Def: The matrix product is a binary operator \mathbb{C}^{m \times n} \times \mathbb{C}^{n \times p} \to \mathbb{C}^{M \times p}. Set A = \left[\begin{matrix}\alpha_1 & \alpha_2 & \cdots & \alpha_m\end{matrix}\right]^T and B = \left[\begin{matrix}\beta_1 & \beta_2 & \cdots & \beta_p\end{matrix}\right]. Then, AB = \left[\begin{matrix} \alpha_1^T \beta_1 & \cdots & \alpha_1^T \beta_n \\ \alpha_2^T \beta_1 & \cdots & \alpha_2^T \beta_n \\ \vdots & \ddots & \vdots \\ \alpha_m^T \beta_1 & \cdots & \alpha_m^T \beta_n \end{matrix}\right] = \left[\begin{matrix}A\beta_1 & A\beta_2 & \cdots & A\beta_n\end{matrix}\right] = \left[\begin{matrix}\alpha_1^TB \\ \alpha_2^TB \\ \vdots \\ \alpha_m^TB\end{matrix}\right]. Alternatively, it is uniquely characterized as the matrix representing the composition of A and B as operators.
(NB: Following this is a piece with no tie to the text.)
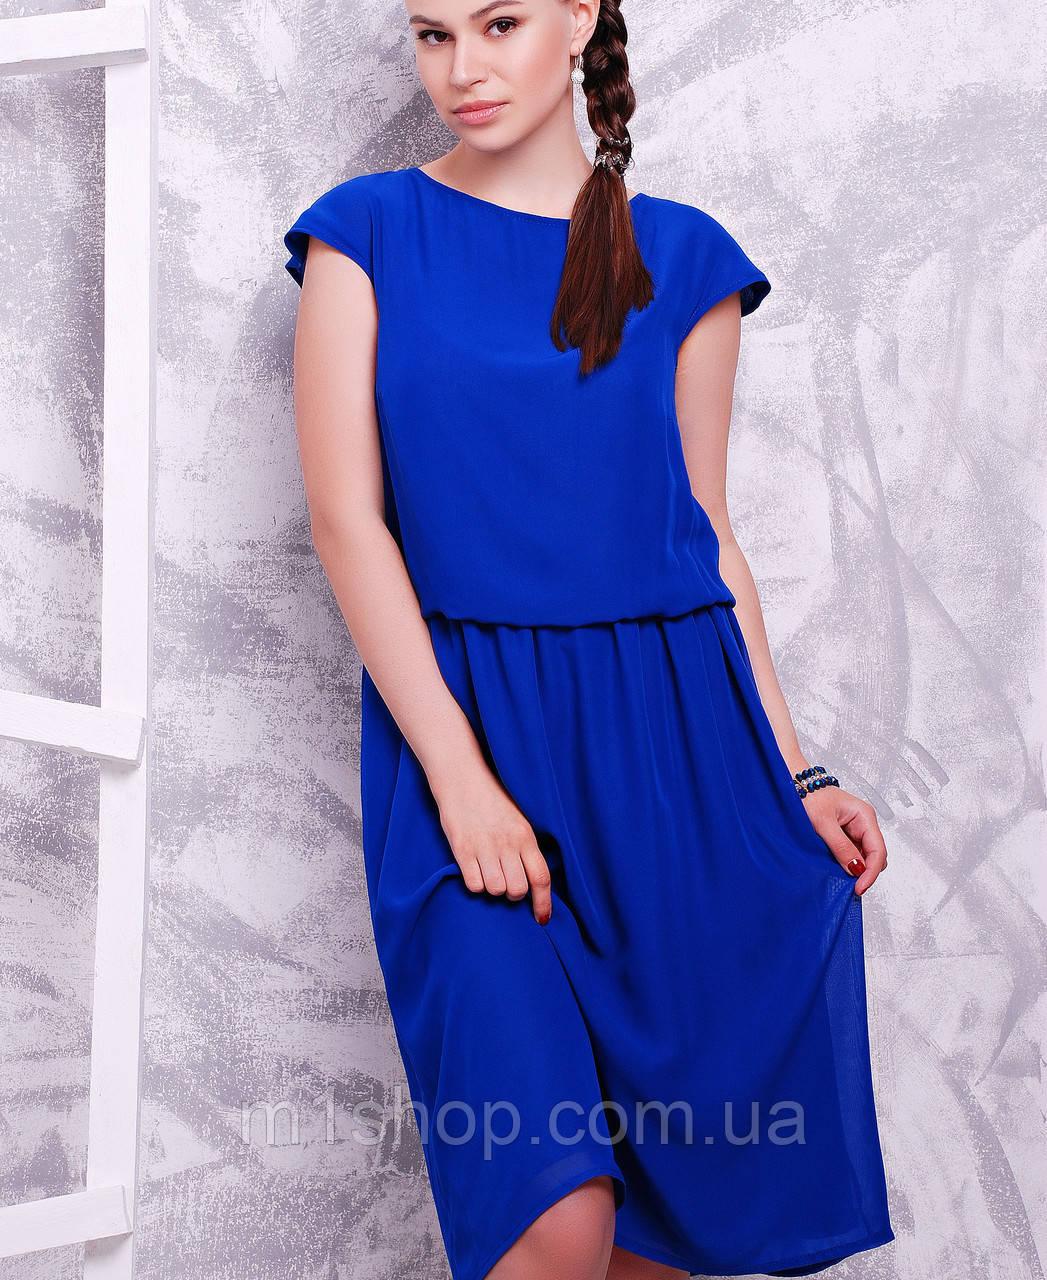 46b68c743f2 Женское шифоновое платье (1601 mrs) купить недорого Украина ...

Prop: Let D = \mathop{\mathrm{diag}}(d_1, \dots, d_n), the diagonal matrix with entries d_1, \dots, d_n; then AD = \left[\begin{matrix}d_1\alpha_1, \dots, d_n \alpha_n\end{matrix}\right]. Simiar for the other direction of multiplication.
Def: For a complex matrix A, an eigenvalue \lambda \in \mathbb{C} and eigenvector v \neq 0 satisfy Av = \lambda v.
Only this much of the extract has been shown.